Security researchers go deep on Helm’s code under CNCF audit process

Security researchers go deep on Helm’s code under CNCF audit process

The Helm project has passed its mandatory CNCF security audit status, apparently with flying colours.

As a member of the CNCF’s incubator programme, Helm is required to undergo an indepth security audit before it can be considered for graduation, joining the likes of Kubernetes, Envoy and Prometheus.

The audit of the Kubernetes package manager was carried out by Cure53, which put six team members on the case. Berlin-based Cure53 has carried out audits of other CNCF projects including Prometheus, Envoy, Jaeger and Notary.

The researchers spent 18 days “examining the Helm software, its infrastructure and process implementation.”

The results of the assessment of “the general security posture and selected code of the Helm project are excellent” it declared. “This project, which was notably sponsored by CNCF and completed in October 2019, have clearly demonstrated that the Helm software is sound and mature.”

The report did throw up some “recommendations”, with the report saying “integrated unit and regression testing leave room for minor criticisms”. The level of logging details “would benefit from some streamlining.”

While the documentation was assessed as appearing complete, “not all of the content was up-to-date during the project with respect to the upcoming release.

Security incident reporting and vuln fix handling were generally given the thumbs up, but “the fix handling could still benefit from some more carefully formulated commit messages”.

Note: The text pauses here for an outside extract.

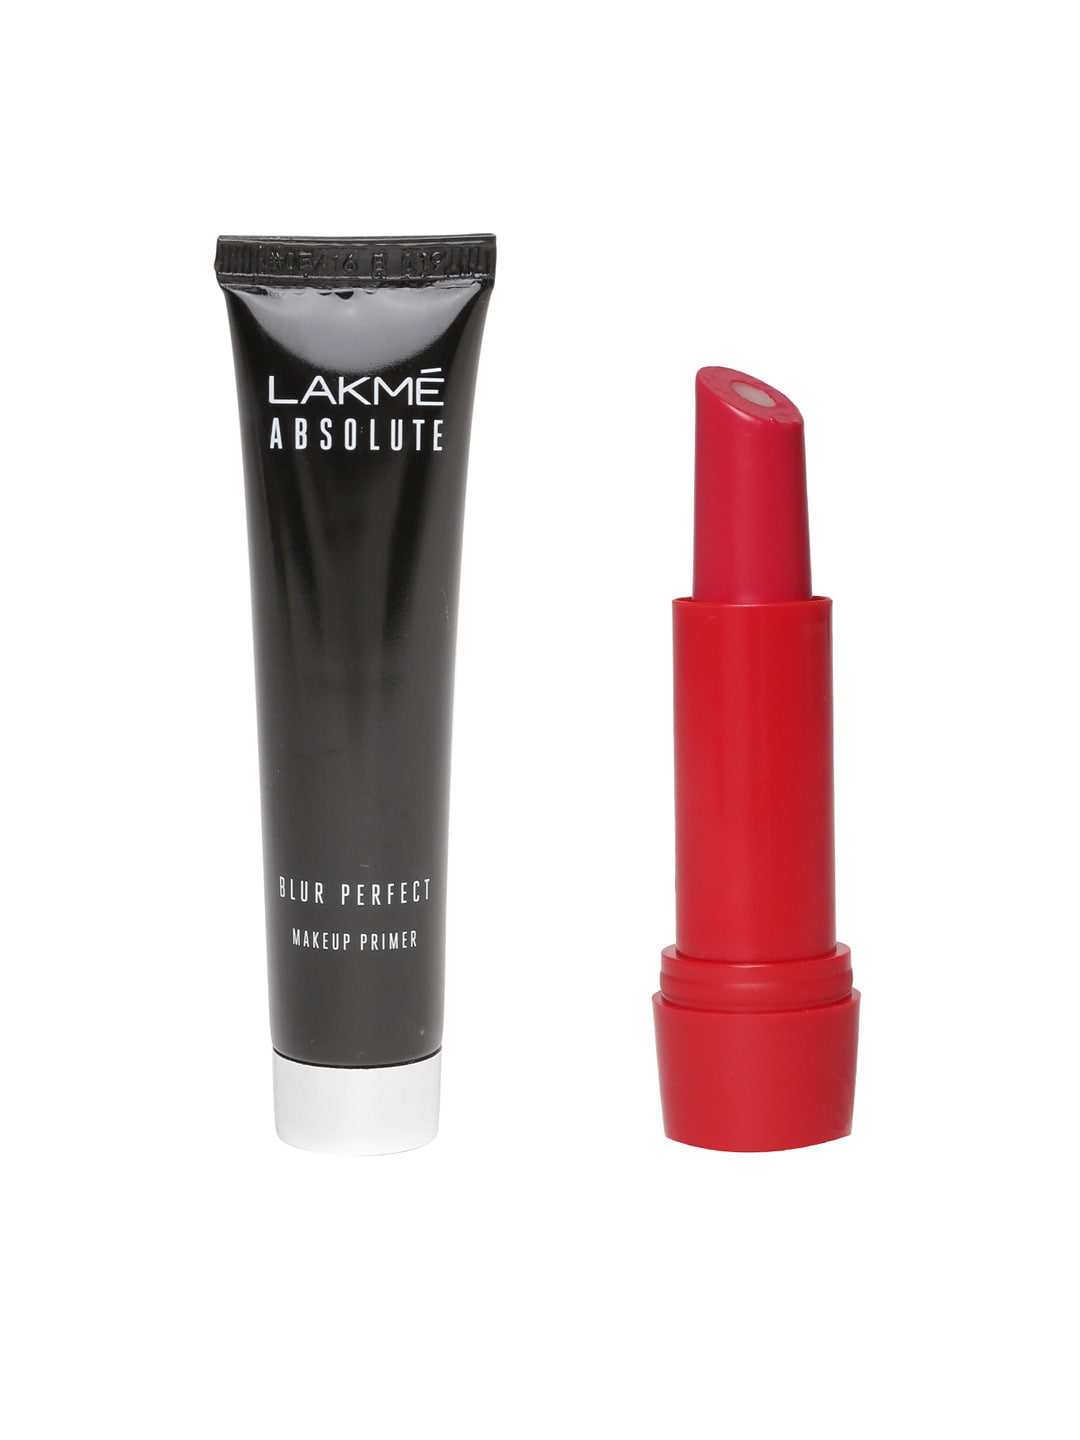 Lakme Set of Absolute Blur Perfect Makeup Primer & Lip Love Cherry SPF 15 Lip Balm Price in India

Overall, the team concluded, “Cure53 can only state the Helm project projects the impression of being highly mature.”

The security audit alone will not qualify Helm for CNCF graduate status. It must jump through a range of other hoops, including having committers from more than two organisations, achieving a Core Infrastructure initiative best practices badge, and define a governance and committer process, amongst others.